Стол повис на нужной высоте.
Держать было тяжело, стол дрожал, звенела посуда.
Толстый подошел к Коротышке, ухватил столешницу руками и показал Коротышке глазами: дескать, перейди на ту сторону, к Длинному.
Тот исполнил команду мгновенно и прямолинейно: перешел на сторону Длинного, не отпуская краешка скатерти, за которую держался. Вся сервировка тут же повернулась на 180 градусов.
Красавчик тем временем, закончив готовить стол к приему, приволок здоровенную вазу с цветами, водрузил ее в центр и едва успел подхватить стол со стороны Толстого.
Все застыли, каждый держа свой край.
Пробили часы.
Суслики нырнули в норки.
Столб огня и дыма поднялся над вулканом.
Тайфун сорвал с домов крыши и с корнем вырвал деревья.
Огромная волна цунами обрушилась на берег.
С грохотом рухнули несколько портретов, зеркало и створки массивной двери.
Вошли гости и расселись вокруг стола:
Дама с бюстом восьмого размера, декольтированная «на 24 персоны», в очках с невообразимо толстыми стеклами – рядом с Красавчиком…
Мальчик-гниденыш в коротких штанишках, которого Дама привела за ухо, – возле Толстого…
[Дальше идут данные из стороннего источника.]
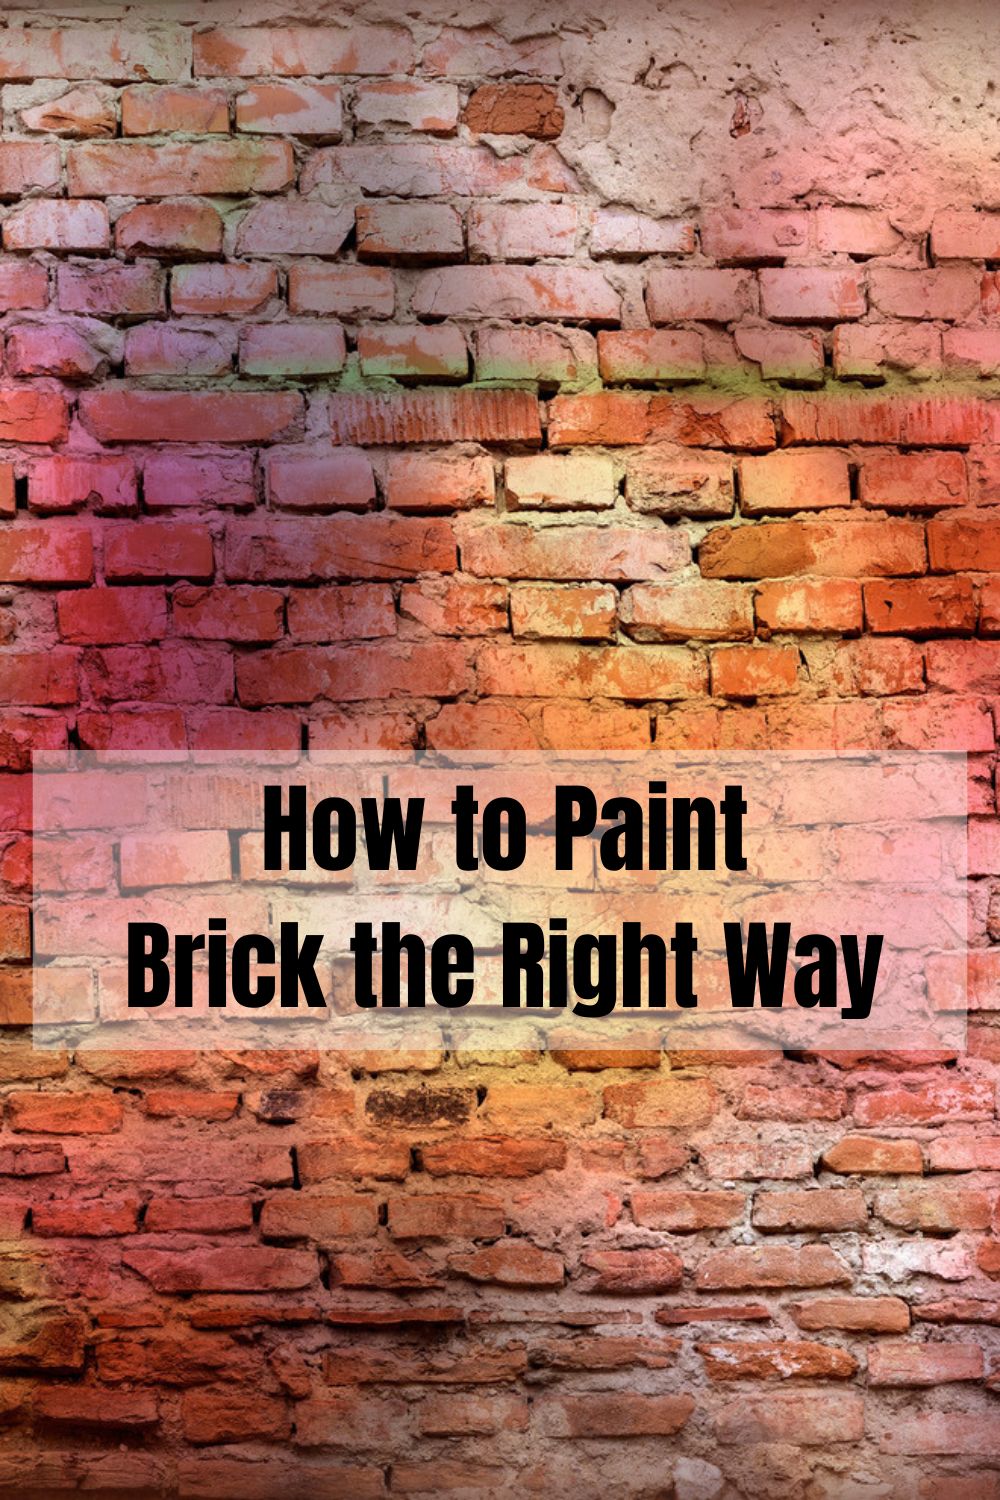 How to Paint Brick the Right Way

Полковник, судя по пробковому шлему колониальных войск, весь в орденах, хромой, со вставным глазом и протезом правой руки – возле Коротышки…
Худой чопорный Господин, крайне болезненного вида, который явился на обед почему-то с аптечкой и тут же открыл ее, моментально расставив вокруг себя какие-то баночки, скляночки, пузырьки, облатки, шприцы, пипетки, пробирки и прочее, включая стерилизатор на спиртовке, которую тут же и поджег. А также медицинскую утку, которую на всякий случай засунул себе под стул, – сел он не на кресло, а на унитаз, рядом с Длинным, возле Мальчика…
Все застыли в ожидании.
Пробили часы.
Стадо слонов в испуге рванулось с места.
Упал самолет.
Сошел с рельсов поезд.
Обвалилась часть стены.
И в этот проем в зал вошел Герцог.
Небольшого роста, еще меньше, чем коротышка, кривоногий, худой и удивительно противный.
На поводке он волок собачку, вероятно, смесь бульдога со скунсом, очень похожую на хозяина – такую же кривоногую и противную. В другой руке Герцог держал тонкую изящную трость, на которую опирался. При этом трость каждый раз изгибалась дугой, и Герцог почти заваливался на бок.
Все встали.
Герцог совершил ногой какое-то сложное винтообразное движение и замер в полупоклоне, широко расставив руки. С одной стороны в воздухе болталась тросточка, с другой – собачонка на поводке.
Все поклонились.
При этом…
Полковник снял шлем левой рукой, щелкнул каблуками сапог и резко опустил подбородок на грудь. В супницу со звоном булькнул стеклянный глаз, и с головы упал парик. Полковник был лыс, как коленка, и на самой макушке у него была металлическая блестящая заплатка с гайкой посередине…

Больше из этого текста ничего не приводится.